Representative gel shift and gel filtration of hADAR2-R2D E488Q mutants with and without 3′ extended 8-AN RNA. Gel shift and gel filtration experiments were all performed with the E488Q mutation in addition to any other point mutations listed. (A–D) Protein concentrations are as follows: 1: no protein, 2: 0.25 nM, 3: 0.5 nM, 4: 1 nM, 5: 2 nM, 6: 4 nM, 7: 8 nM, 8: 16 nM, 9: 32 nM, 10: 64 nM. The band of RNA retained within the well arises from protein–RNA aggregation. (E, F) UV trace of hADAR2-R2D eluted from a Superdex Increase 5/150 GL. The elution volumes of each peak for the R2D ± 3′ extend 8-AN RNA runs are as follows: (*) 1.17 ml, dimer 1.71 ml, monomer 1.86 ml, R2D alone 1.91 ml. The elution volumes of each peak for the R2D D503A ± 3′ extended 8-AN RNA runs are as follows: (*) 1.19 ml, monomer 1.88 ml, R2D D503A alone 1.91 ml. The elution peaks of molecular weight standards are indicated and numbered 1–7 at top. The sizes and retention volumes are as follows: (1) thyroglobulin (bovine) 670 kDa, 1.19 ml, (2) γ-globulin (bovine) 158 kDa, 1.59 ml, (3) bovine serum albumin 66 kDa, 1.81 ml, (4) ovalbumin (chicken) 44 kDa, 1.95 ml, (5) carbonic anhydrase 29 kDa, 2.12 ml, (6) myoglobin (horse) 17 kDa, 2.21 ml, (7) cytochrome c 12.4 kDa, 2.28 ml.
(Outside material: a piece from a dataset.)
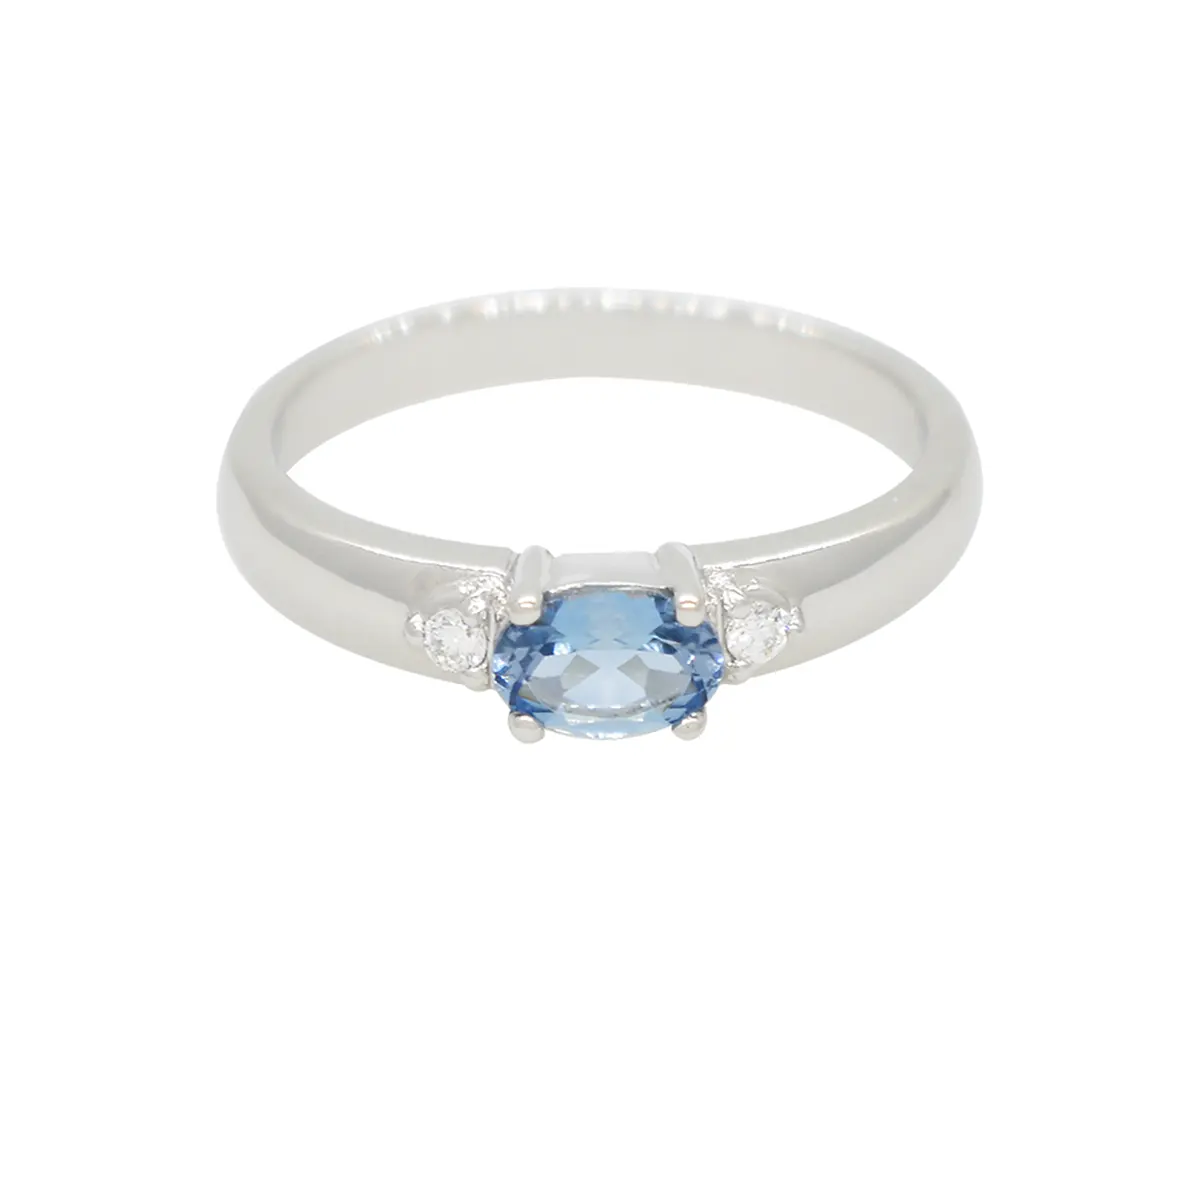 East West 3 Stones Aquamarine and Diamond Ring in 18K White Gold

The observed molecular weight corresponding to each protein species can be found in Supplementary Table S3. The peaks designated by an asterisk correspond to protein and RNA eluted within the void volume, representing aggregation.

Figure 6.

Deamination assays with 100 nM ADAR and 10 nM 5-HT_2cR D site substrate. (A) Local predicted secondary structure of 5-HT_2cR pre-mRNA used for in vitro deamination. (B) Deamination kinetics of ADAR2-RD E488Q and dimerization mutants on 5-HT_2cR substrate (D-site). Conditions for in vitro deaminations are stated in Table 2. Error bars represent standard deviation (n = 3 technical replicates).

Figure 7.

Editing levels of endogenous substrates in HEK293T cells with or without overexpression of ADARs. (A) Editing by full length human ADAR2 wild type (A2WT) and dimerization mutants and (B) by human ADAR1 p110 wild type (A1 p110) and A1 p110 D1023A mutant. Cells were transfected with 750 ng pcDNA 3.1 containing A2WT or A1 p110 gene and lysed after 48 h. Endogenous editing was measured from cells transfected with empty vector. Asterisks indicate no detected editing. Error bars represent standard deviation (n = 3 biological replicates).